# Half Life cheat disable



## apakhira (Nov 29, 2002)

I have Half Life Ver. 1.0.0.9.I had earlier enabled GOD Mode by this way-

Start Game Using -Console after the hl.exe
Type "~" to bring up console.
In game type "sv_cheats 1"
Type ?god? in the console
But now I want to disable it and can't do so.Also,the "impulse xxx"cheats don't work in my game.Please help


----------



## golfman (Aug 19, 2000)

God mode can be toggled on and off by typing */god* in the console.

As for the impulse cheats, If I remember correctly you need to add *-dev* in front of where you added *-console* before. (remember to leave only one space in between)

there are tons of these cheats and impulse cheats. you can easily find them with a quick google search

Hope this helps ya


----------



## apakhira (Nov 29, 2002)

I tried using the"/god" again and again.But it wont turn off.I don't like to play with GOD Mode On as it makes me think I am a baby.


----------



## BigRedDevil (Feb 24, 2003)

When I used the 'God Mode' cheat on Half Life, to turn it off just type God (without the /). That should work it does for me.


----------



## golfman (Aug 19, 2000)

Any of the following should work to turn god mode on and off...

1) type *god* then hit *enter* to turn on... type *god* then hit *enter* again to turn off.

2) type */god* then hit *enter* to turn on... type */god* then hit *enter* again to turn off.

3) type *god 1* then hit *enter* to turn on... type *god 0* then hit *enter* to turn off. (note the space between the text and the numbers)

Each time you type in the command to turn god mode on or off, when you hit *enter*, it should immediately say *"god mode ON"* or *"god mode Off"* in the console right below where you just typed.

If none of these work then something is wrong somewhere. In fact, they should ALL work.

How about the impulse cheats... did you get them to work??


----------



## apakhira (Nov 29, 2002)

Sorry,the GOD Solutions didn't work.The impulse one worked.Now it has stoppe showing GOD Mode On/Off.Can you help me?


----------



## golfman (Aug 19, 2000)

Have you tried a different command?

type *noclip* into the console then hit *enter*
the console should reply with *NOCLIP ON*

This should give you the ability to walk through walls and objects.
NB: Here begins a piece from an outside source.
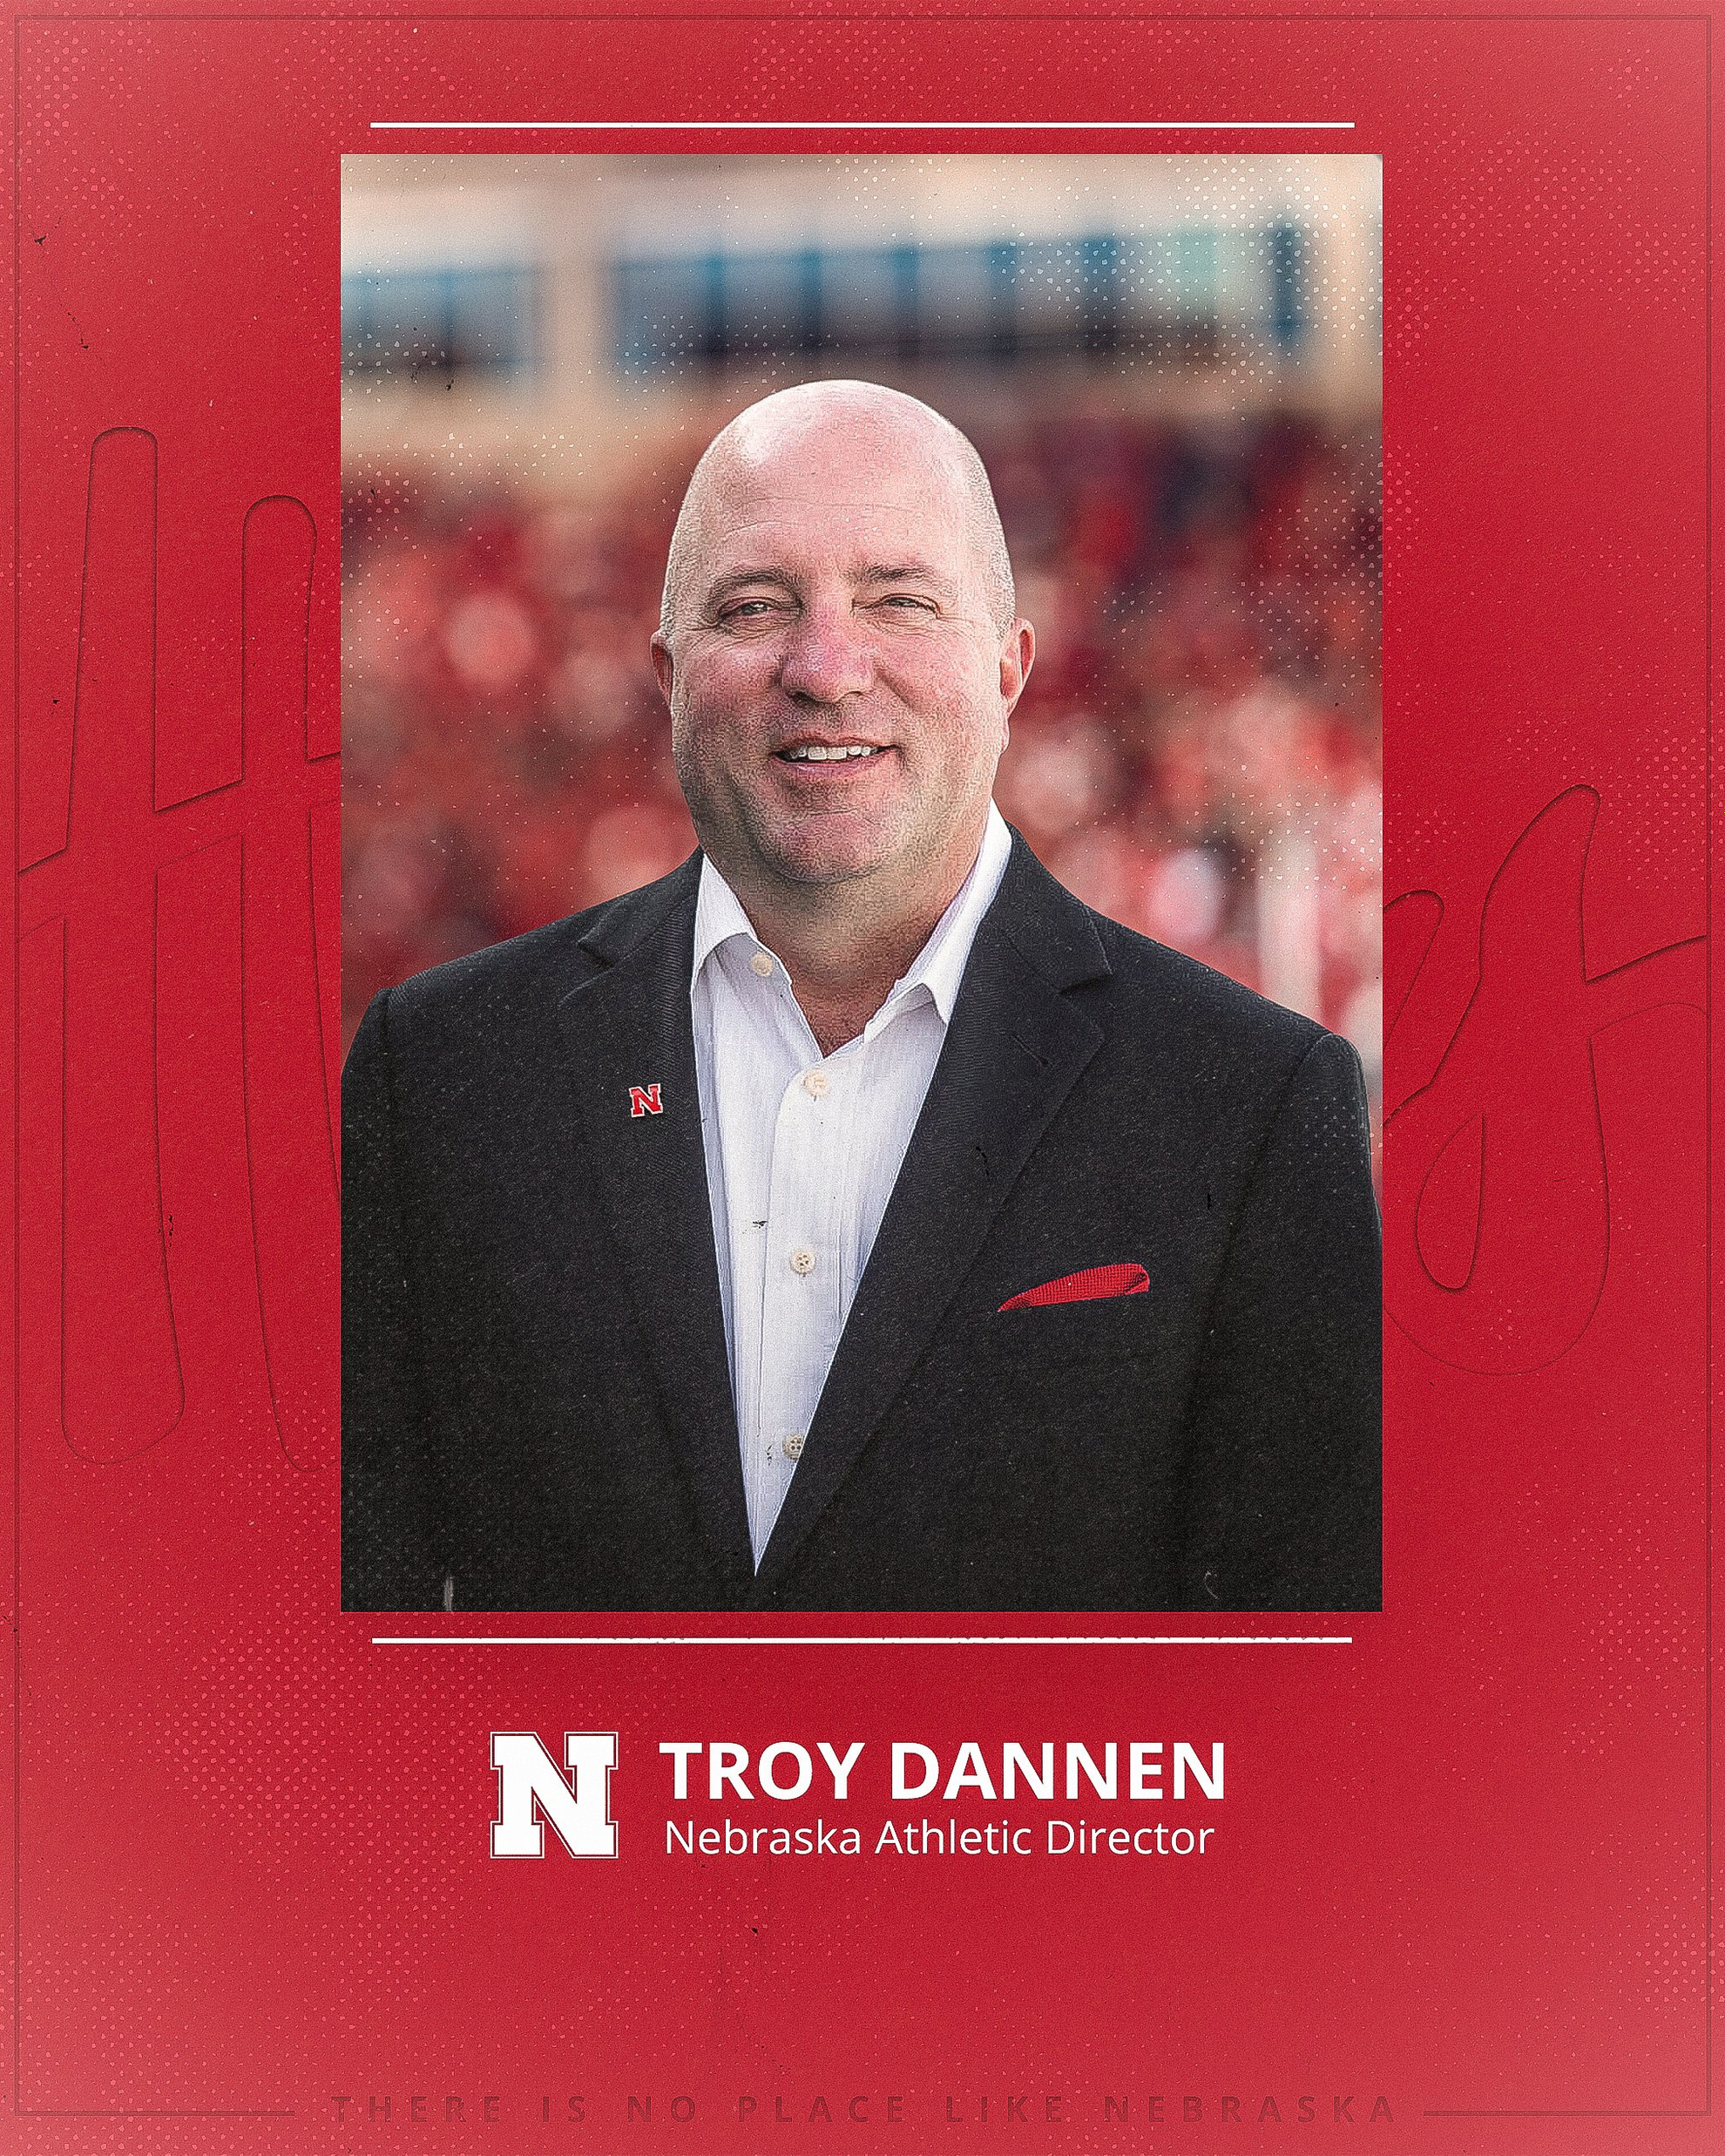 University of Nebraska names Troy Dannen as new athletic director

If this does not work either...

1) make sure that your shortcut to HL.exe looks like this...(especially the bold part)
C:\SIERRA\Half-Life\hl.exe *-dev -console*

2) make sure that *sv_cheats* are on. type *sv_cheats 1* then hit enter to turn on... *sv_cheats 0* to turn off.

3) I think I'm outta ideas


----------



## apakhira (Nov 29, 2002)

Thanx that worked.Actually,I was using the "-console" command not the "-dev -console command"


----------



## golfman (Aug 19, 2000)

Glad to help  ... enjoy your game!


----------



## apakhira (Nov 29, 2002)

But I discovered 1 thing.The impulse cheats and the give cheats do not work in my game.Why?


----------



## AtreideS (Aug 20, 2001)

I'm not 100% sure, but I think many commands in Half-Life have been disabled in recent updates for the game. You could check the readme file's Update History to check. But I have a feeling thats the reason.


----------